Event Retention and the Default TTL

One of the most important things to understand about Kubernetes events is that they are ephemeral by default. The kube-apiserver has a default event time-to-live (TTL) of 1 hour. After that, events are garbage-collected from etcd.

This means that if you look at events after an incident that happened two hours ago, they will already be gone. This is one of the main reasons teams set up event exporters (covered in the next section). The short default TTL is intentional -- events can be high-volume in large clusters, and storing them indefinitely in etcd would increase storage and memory pressure on the control plane.

Configuring the Event TTL

You can change the default TTL by passing the --event-ttl flag to the kube-apiserver:

# In the kube-apiserver manifest (e.g., /etc/kubernetes/manifests/kube-apiserver.yaml)
spec:
  containers:
  - command:
    - kube-apiserver
    - --event-ttl=6h
    # ... other flags

Increasing the TTL gives you a longer window to inspect events, but it also increases the load on etcd since more objects are stored. For most production clusters, 2-6 hours is a reasonable range. Beyond that, you should be exporting events to an external system.

If you are planning a cluster upgrade, be aware that changes to apiserver flags may need to be reapplied. Our Kubernetes upgrade checklist covers these considerations.

Exporting Events for Long-Term Observability

Since events are garbage-collected after the TTL expires, exporting them to an external logging or observability platform is essential for production clusters. Several tools are available for this purpose.

Kubernetes Event Exporter

The Kubernetes Event Exporter (originally by OpenPolicyAgent, now maintained by Resmo) watches the event stream and forwards events to sinks like Elasticsearch, OpenSearch, Slack, webhooks, or files.

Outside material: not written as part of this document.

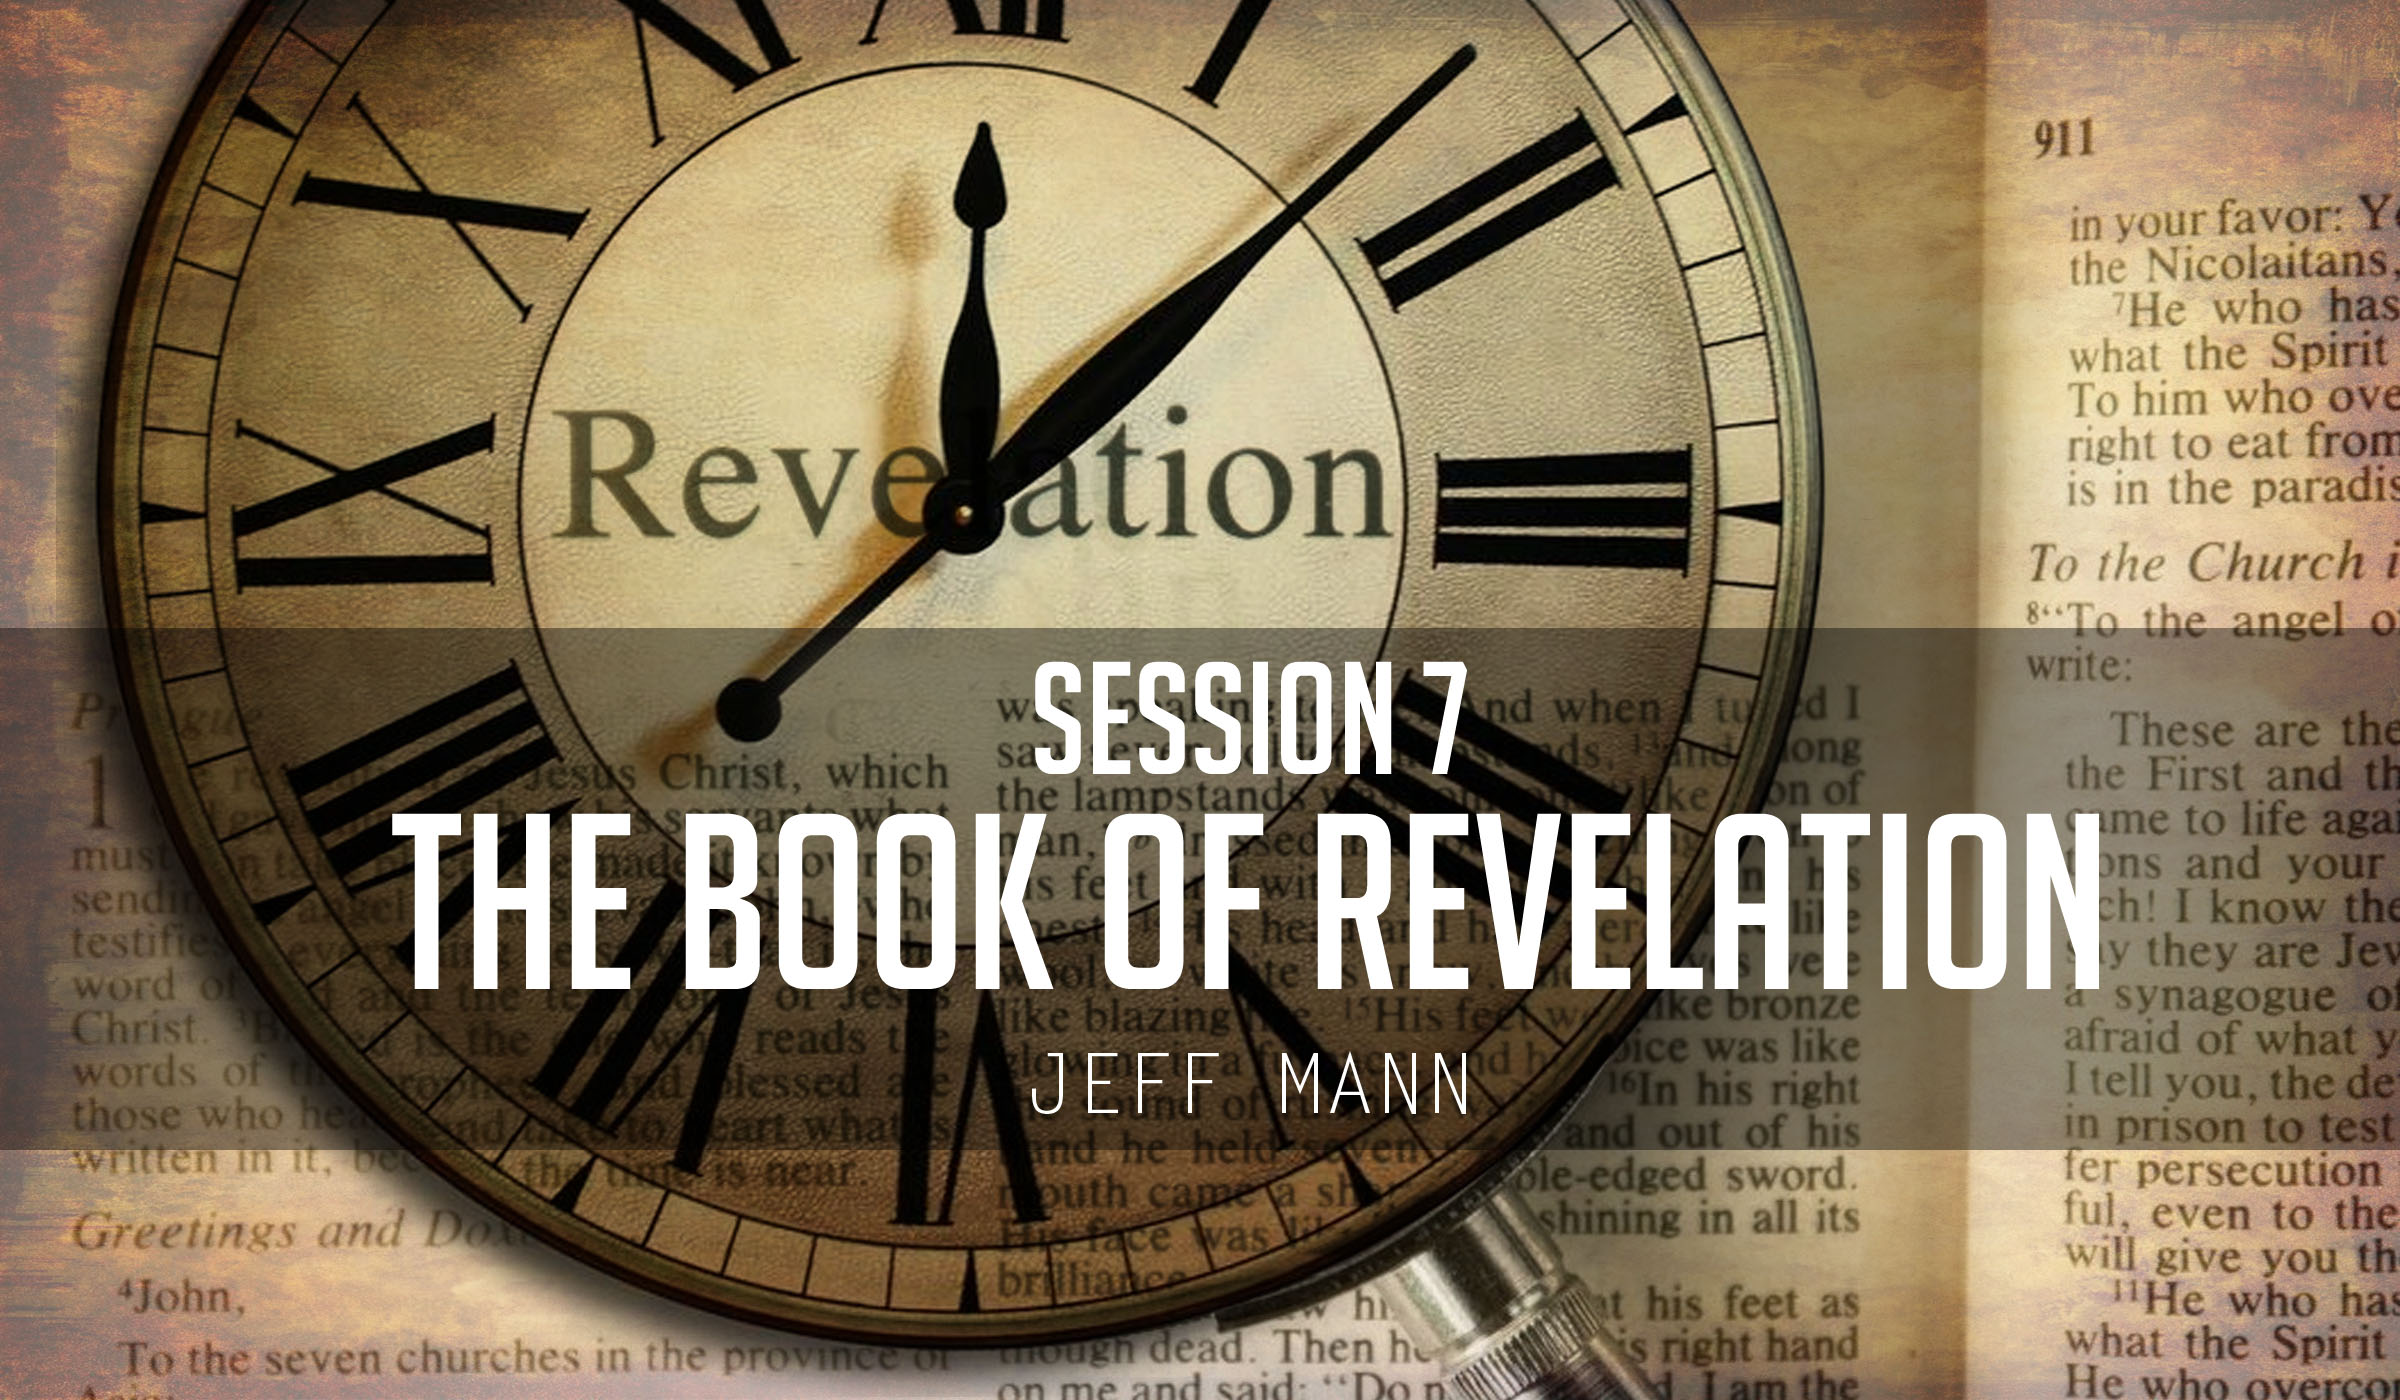 The Book of Revelation Session 7

Here is a minimal configuration that forwards Warning events to Elasticsearch:

apiVersion: v1
kind: ConfigMap
metadata:
  name: event-exporter-cfg
  namespace: monitoring
data:
  config.yaml: |
    logLevel: error
    logFormat: json
    route:
      routes:
        - match:
            - receiver: "elasticsearch"
              type: Warning
    receivers:
      - name: "elasticsearch"
        elasticsearch:
          hosts:
            - "http://elasticsearch.monitoring.svc:9200"
          index: kube-events
          indexFormat: "kube-events-{2006-01-02}"

Fluentd and Fluent Bit

If you already run Fluentd or Fluent Bit for log collection, you can configure them to collect Kubernetes events as well. Fluent Bit has a built-in kubernetes_events input plugin:

[INPUT]
    Name              kubernetes_events
    Tag               kube_events.*
    Kube_URL          https://kubernetes.default.svc:443
    Kube_CA_File      /var/run/secrets/kubernetes.io/serviceaccount/ca.crt
    Kube_Token_File   /var/run/secrets/kubernetes.io/serviceaccount/token

[OUTPUT]
    Name              es
    Match             kube_events.*
    Host              elasticsearch.monitoring.svc
    Port              9200
    Index             kube-events
    Type              _doc

Kubernetes Event Router (Heptio/VMware)

The Event Router is a simpler alternative that captures events and writes them to stdout in a structured format. You can then collect that stdout with any log aggregation system (Fluentd, Promtail, Vector, etc.):

apiVersion: apps/v1
kind: Deployment
metadata:
  name: eventrouter
  namespace: kube-system
spec:
  replicas: 1
  selector:
    matchLabels:
      app: eventrouter
  template:
    metadata:
      labels:
        app: eventrouter
    spec:
      serviceAccountName: eventrouter
      containers:
      - name: kube-eventrouter
        image: gcr.io/heptio-images/eventrouter:v0.4
        volumeMounts:
        - name: config-volume
          mountPath: /etc/eventrouter
      volumes:
      - name: config-volume
        configMap:
          name: eventrouter-cm

Prometheus and Alerting

While events themselves are not natively exposed as Prometheus metrics, you can use kube-state-metrics to generate metrics from events. The kube_pod_status_reason and similar metrics can trigger alerts for patterns like repeated OOMKills or CrashLoopBackOffs. You can also build custom Prometheus alerts that fire when specific event patterns appear in your exported event data, creating a bridge between Kubernetes events and your alerting infrastructure.

Events in Modern Kubernetes: events.k8s.io/v1

Historically, Kubernetes events used the core v1 API (apiVersion: v1, kind: Event). Starting with Kubernetes 1.19, a new API group events.k8s.io/v1 was introduced with improvements. As of Kubernetes 1.35, this is the recommended API for working with events. For a full overview of what changed in this release, see our Kubernetes 1.35 release preview.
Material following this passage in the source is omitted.